- **WHAT THE TASK REQUIRES**
Produce as output only the lines below starting at the line with "Campus News 2006" and continuing through the line with "Vernissage renversé, 1983.", each one exactly as written.

** TASK INPUTS follows **

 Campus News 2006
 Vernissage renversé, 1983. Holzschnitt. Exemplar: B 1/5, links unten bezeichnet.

** End of TASK INPUTS **
** TASK INPUTS follows **

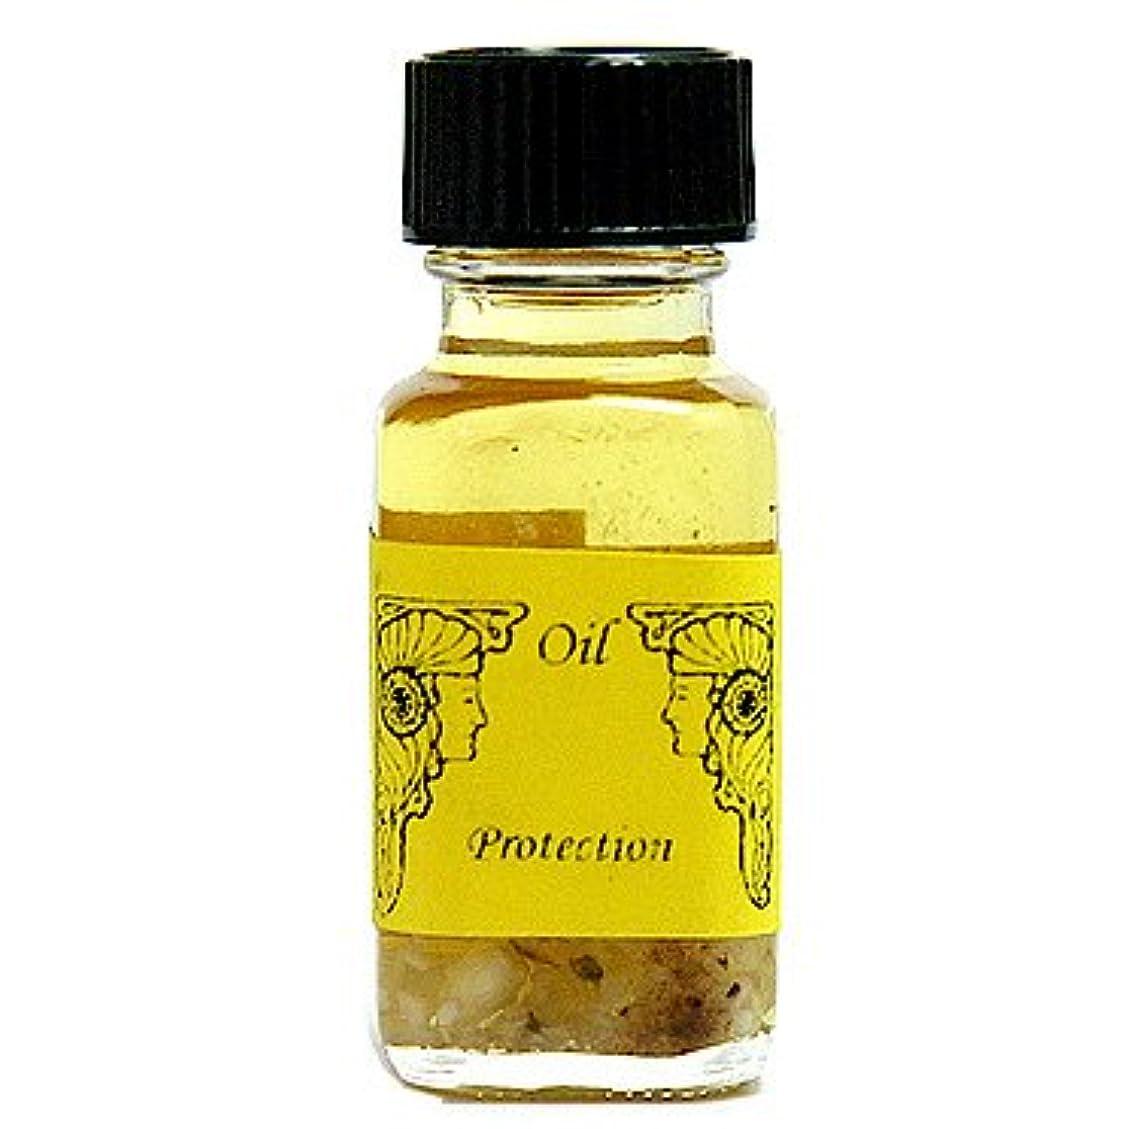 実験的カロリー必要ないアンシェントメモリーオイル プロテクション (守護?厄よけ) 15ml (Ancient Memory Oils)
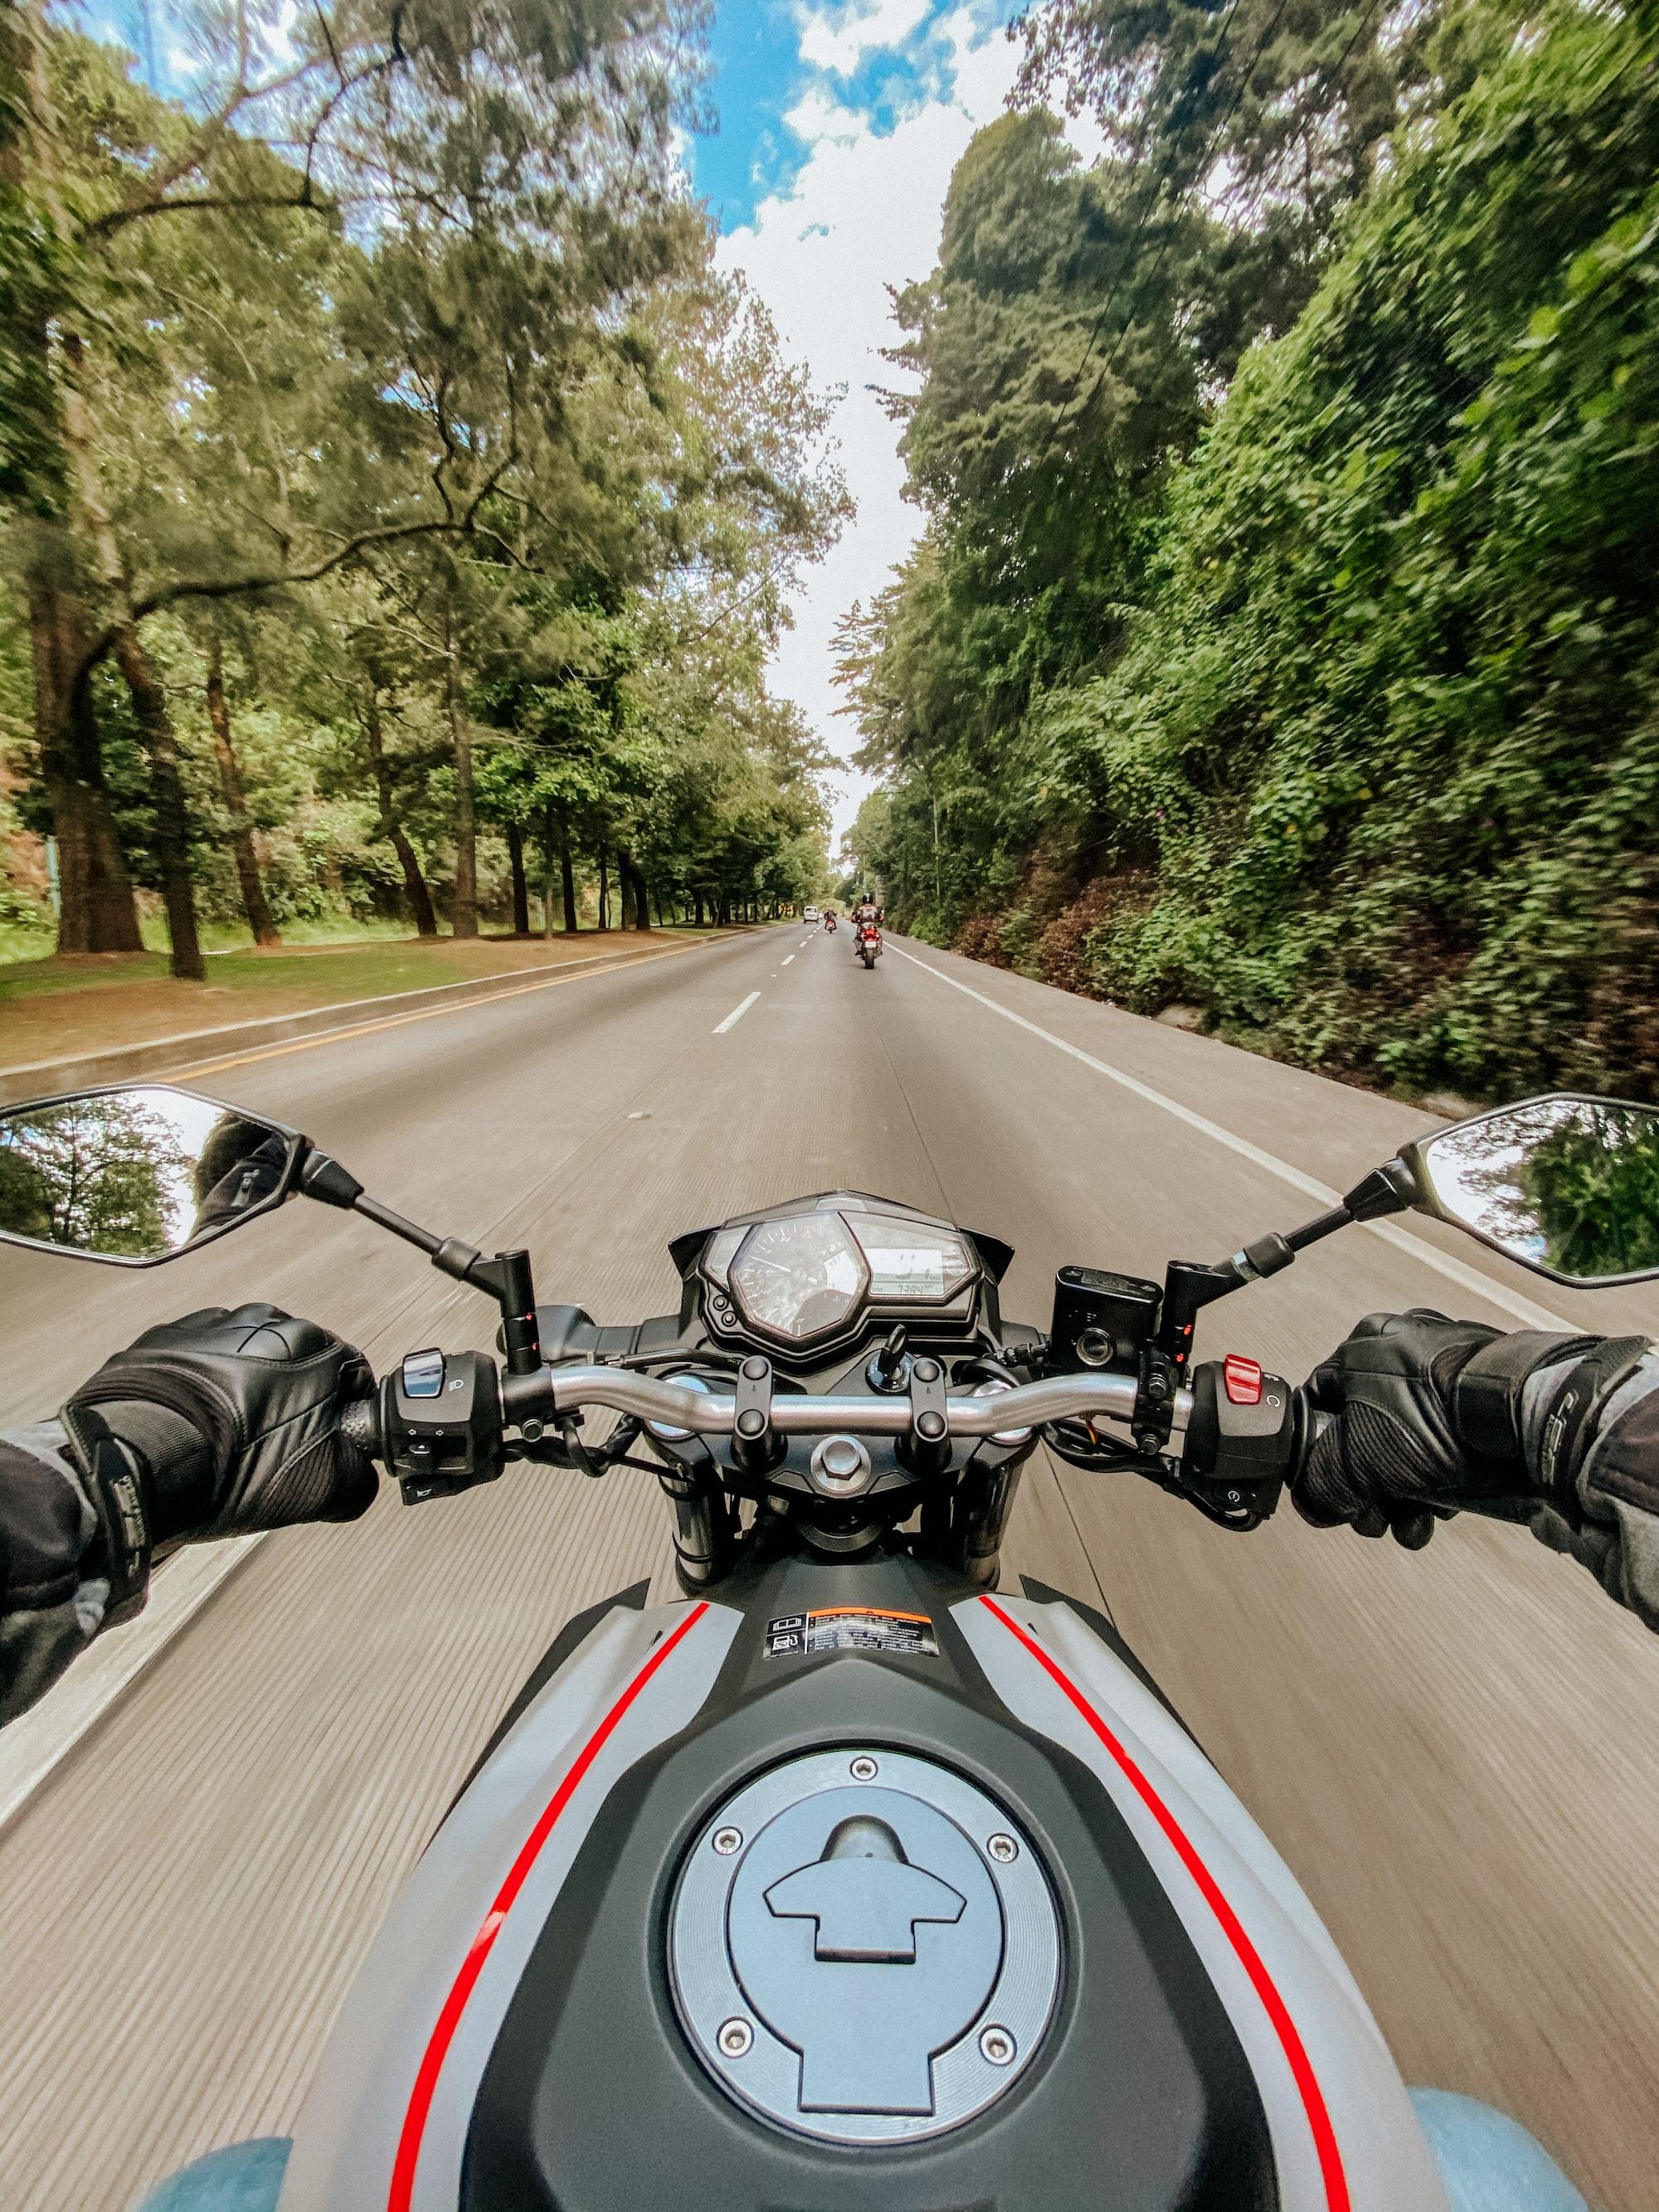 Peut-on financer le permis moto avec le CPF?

** End of TASK INPUTS **

- **ANSWER FOR THIS EXERCISE**
 Campus News 2006
 Vernissage renversé, 1983. Holzschnitt. Exemplar: B 1/5, links unten bezeichnet.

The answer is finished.